DIRECTIONS. A verbatim transcript of the data that follows, free of images, is the expected result.

BEGIN EXERCISE DATA

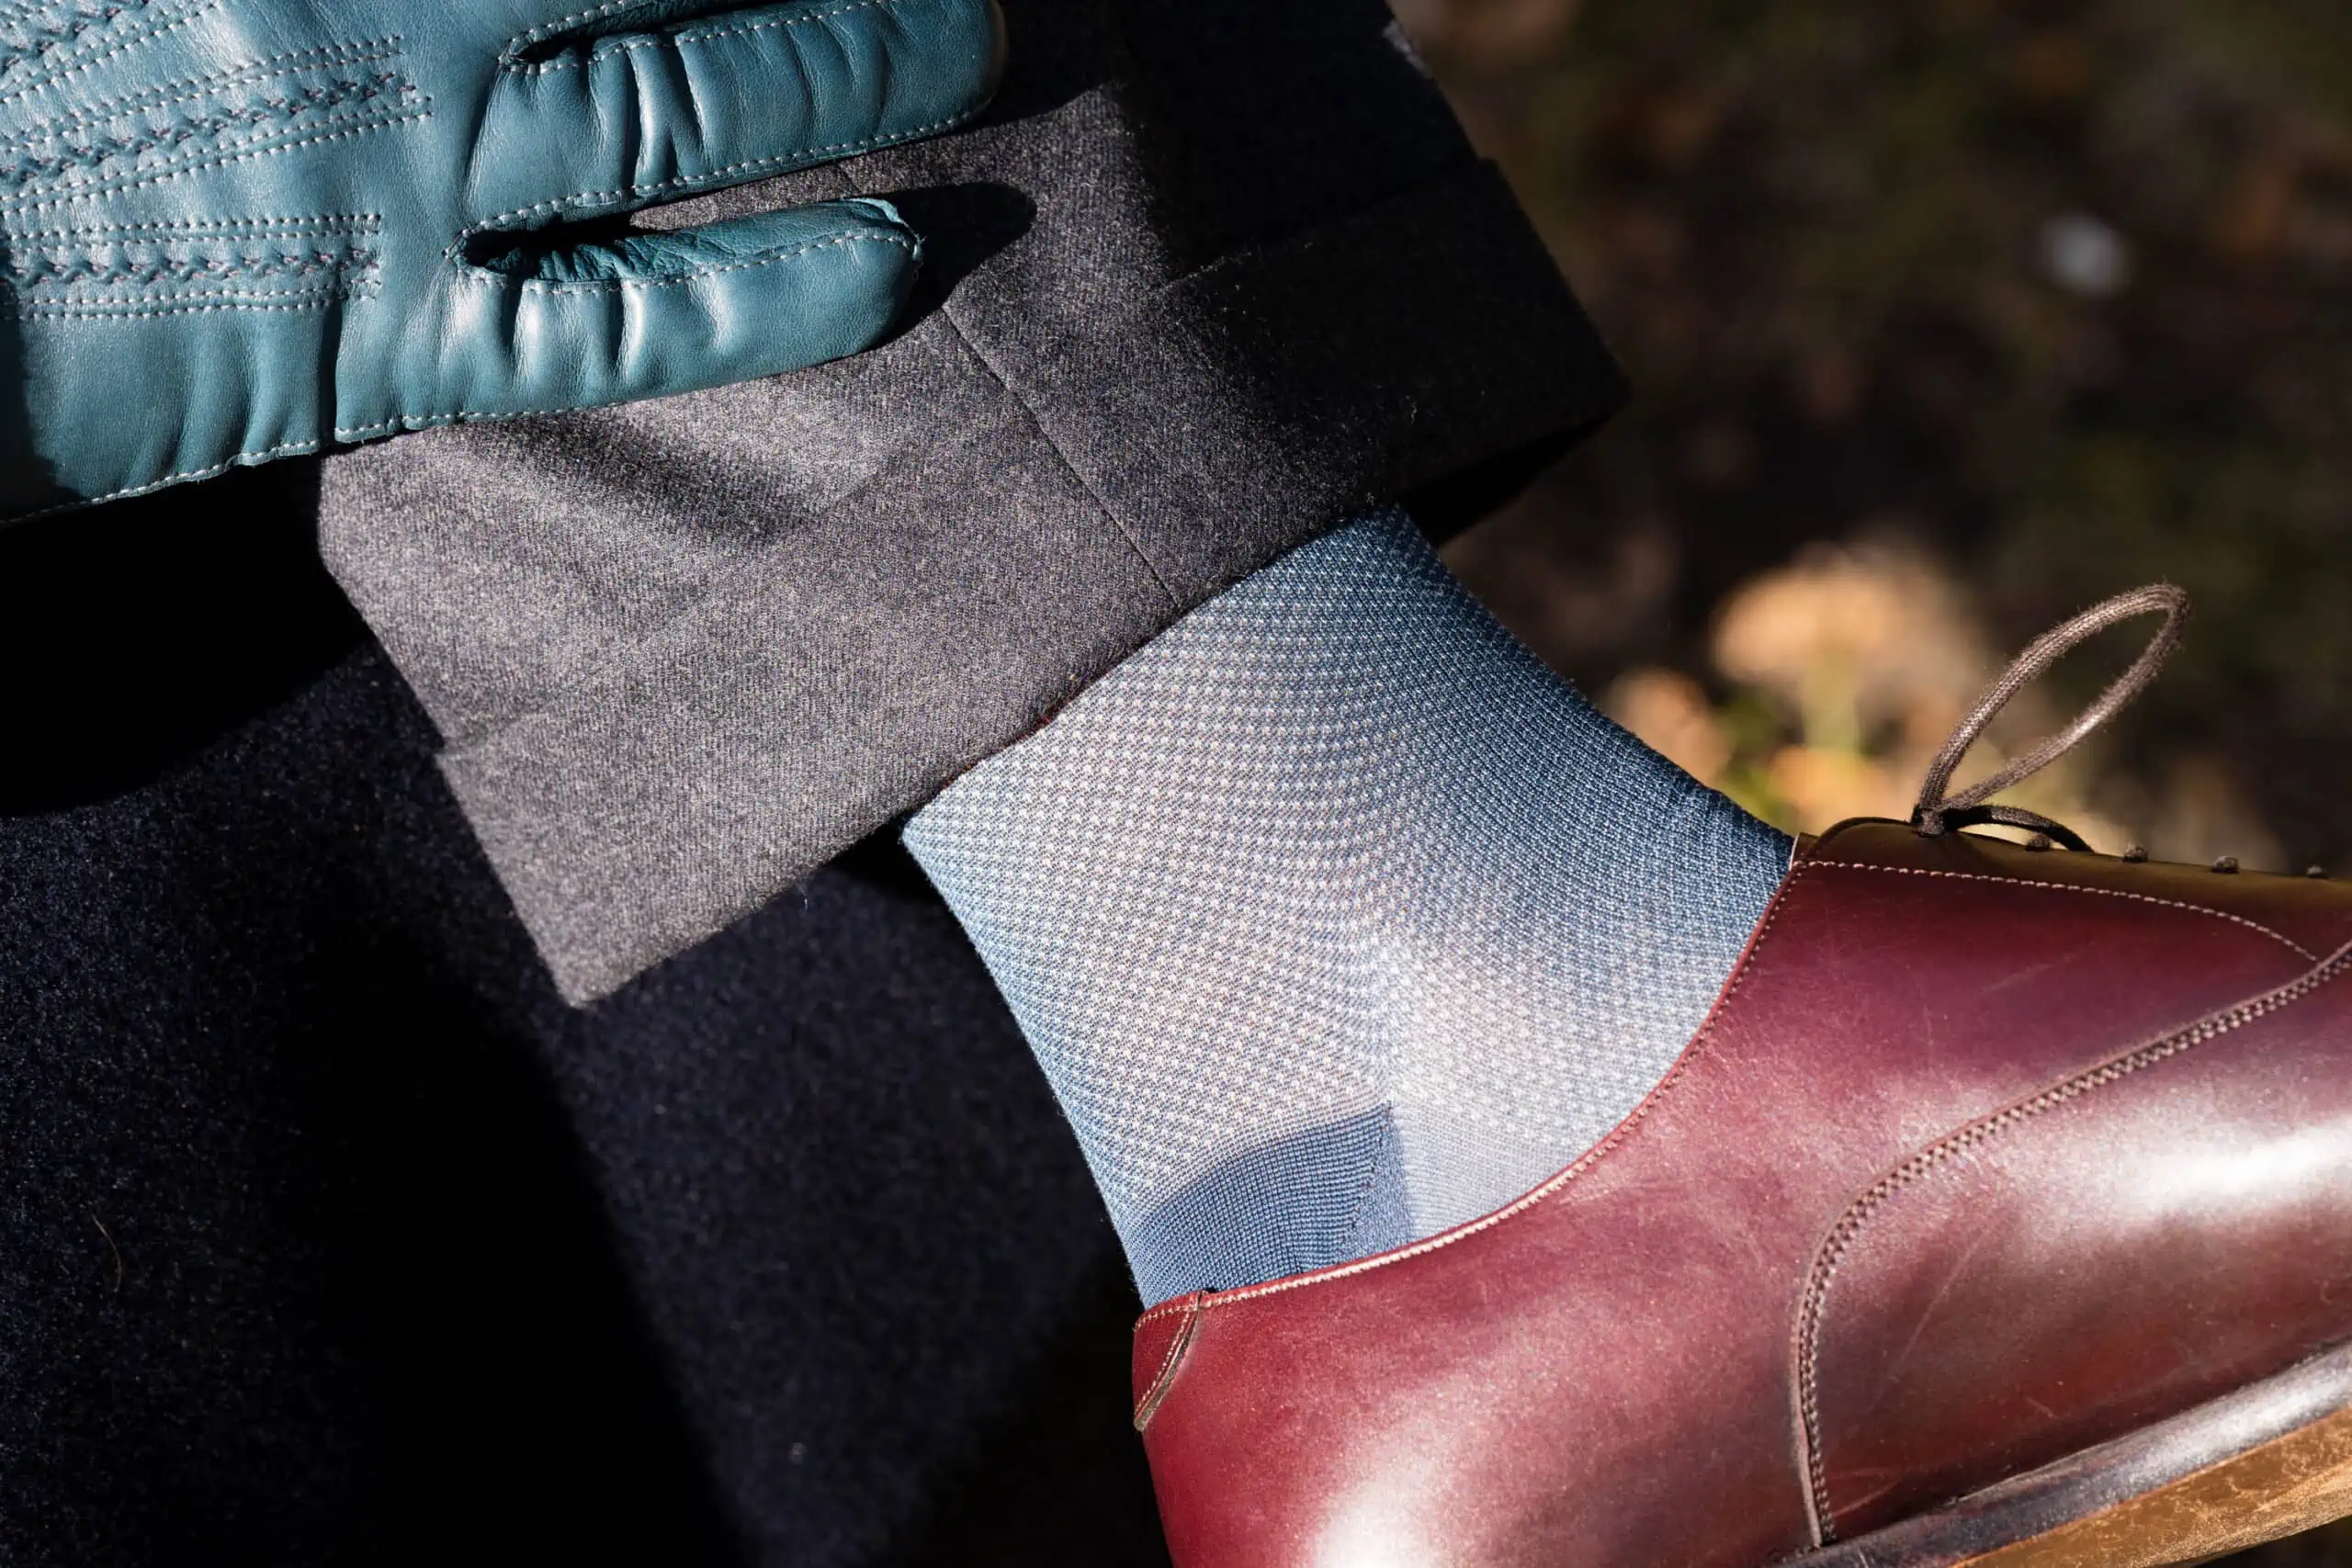 A photograph of oxblood shoes with blue socks and blue gloves
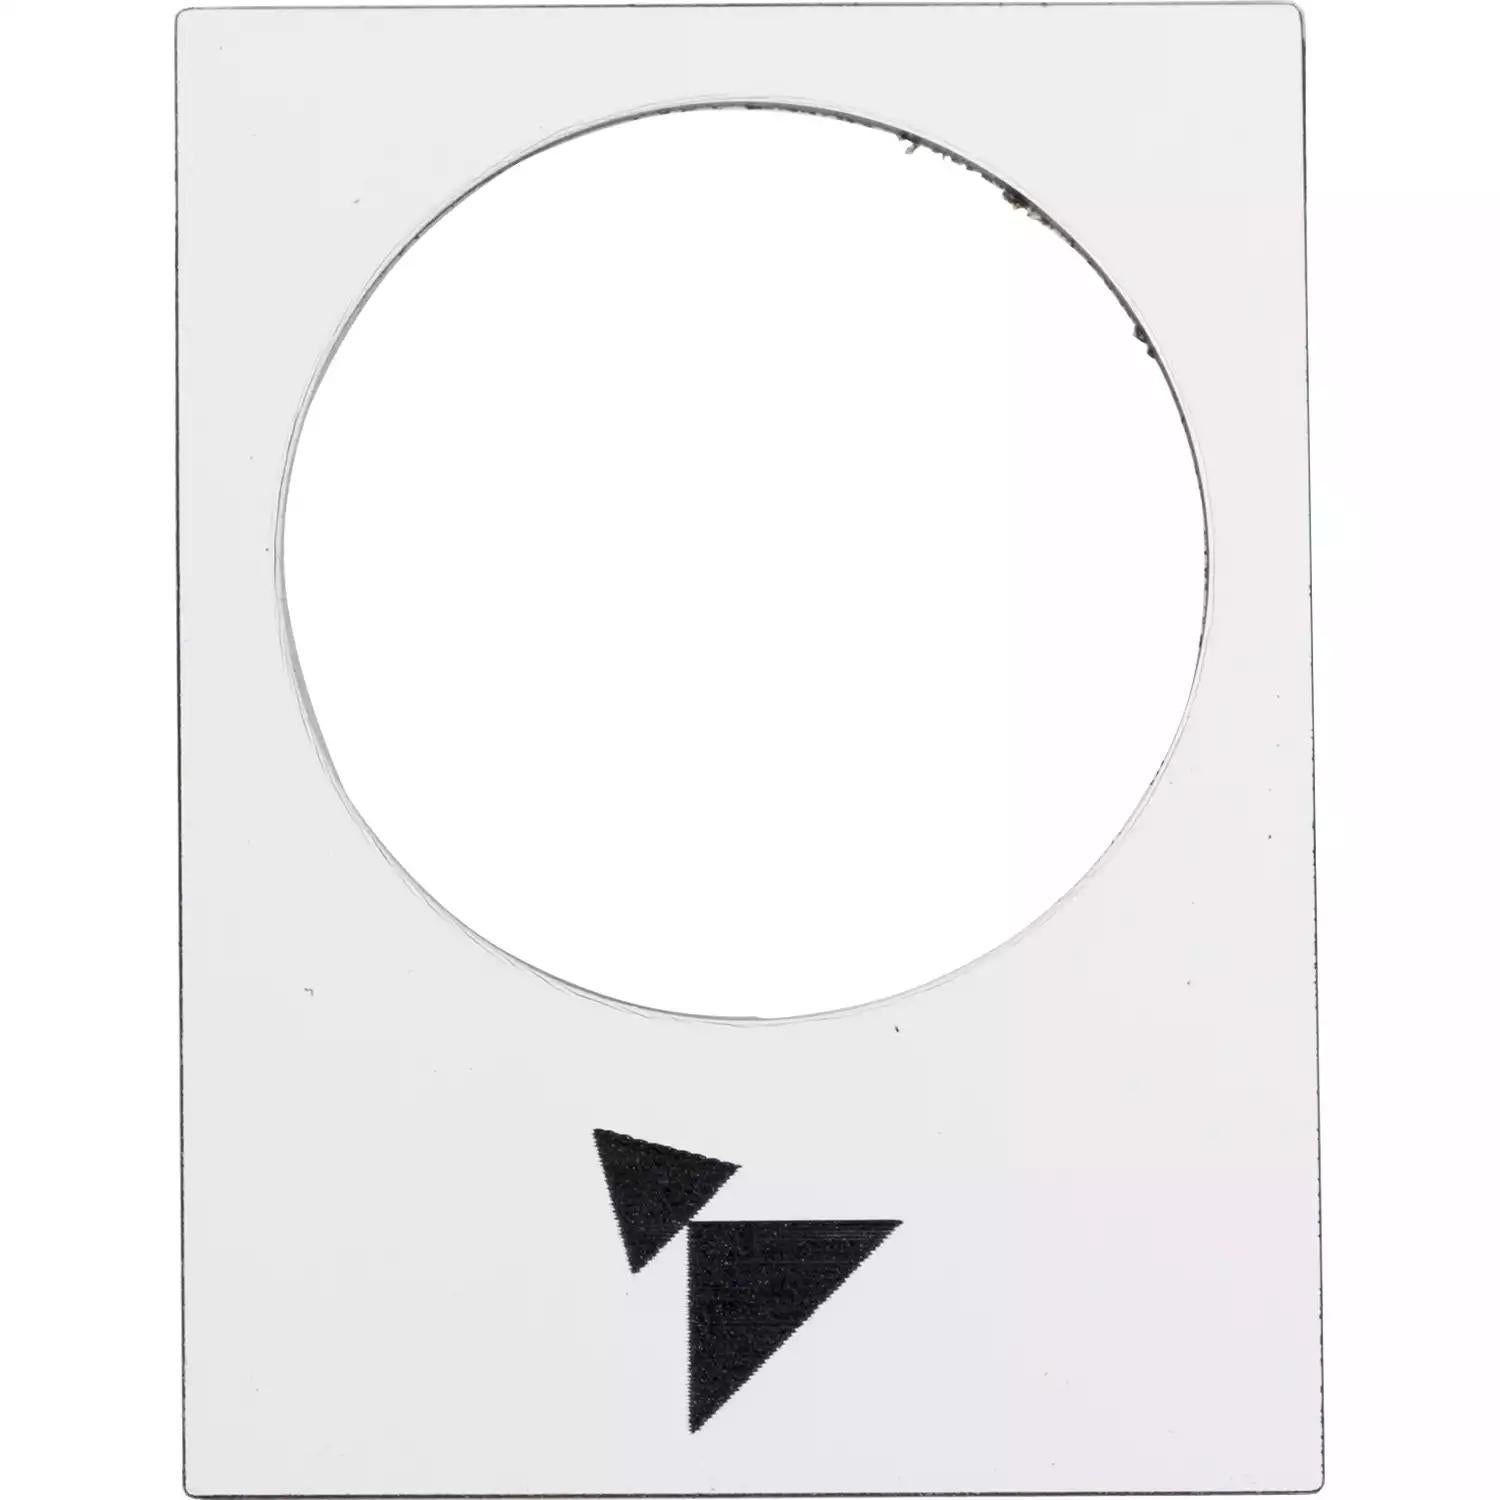 Marked legend, Harmony XAC, nameplate, 30 x 40mm, plastic, white, 22mm push button, black marked up skew double arrowhead
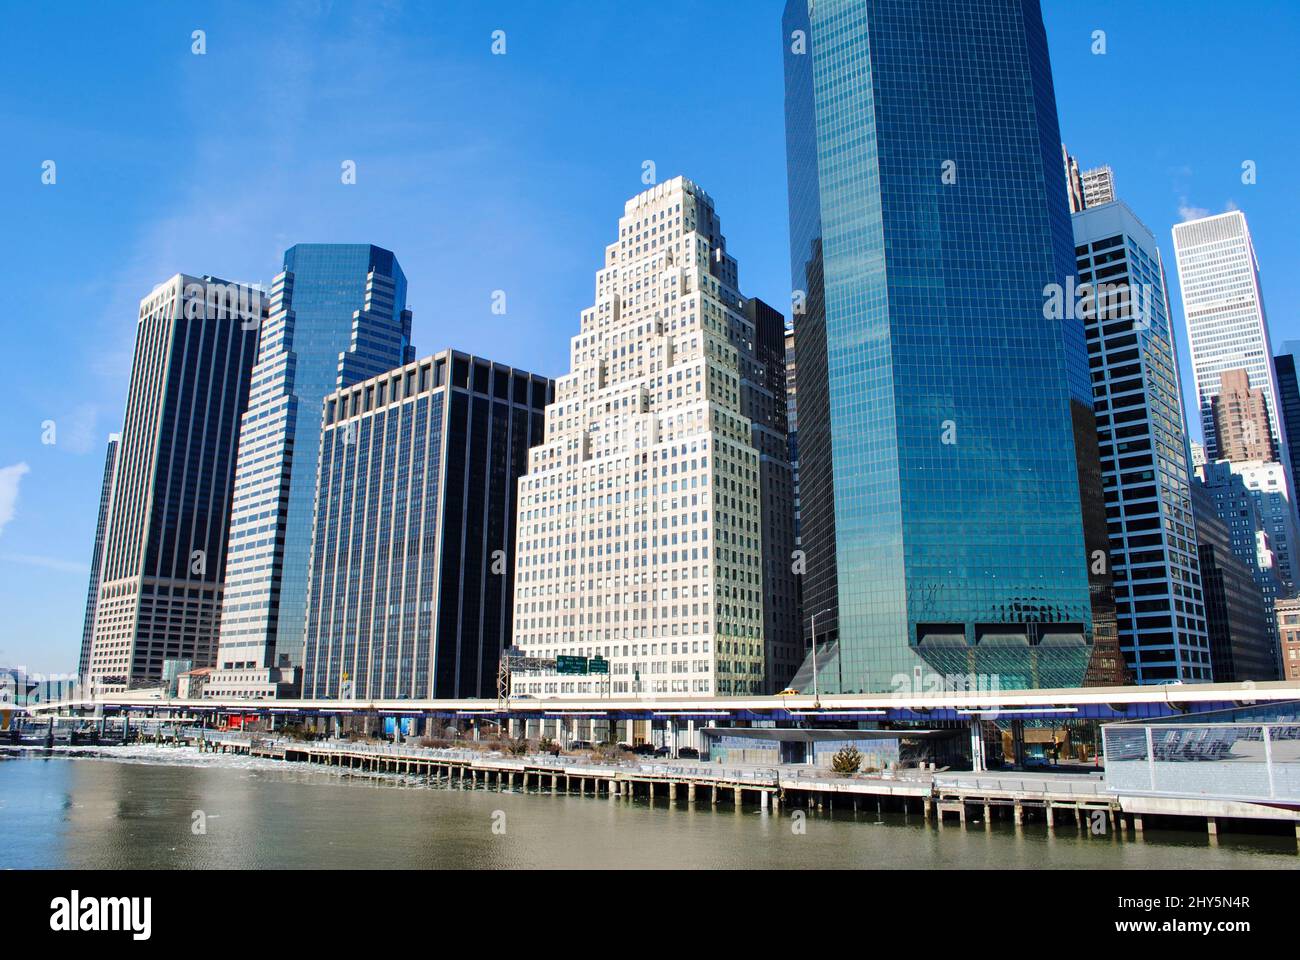 The Wall Street area in downtown Manhattan with elevated FDR-drive seen from Pier 17, New York City Stock Photo

END EXERCISE DATA

YOUR SOLUTION.
 A photograph of oxblood shoes with blue socks and blue gloves
 Marked legend, Harmony XAC, nameplate, 30 x 40mm, plastic, white, 22mm push button, black marked up skew double arrowhead
 The Wall Street area in downtown Manhattan with elevated FDR-drive seen from Pier 17, New York City Stock Photo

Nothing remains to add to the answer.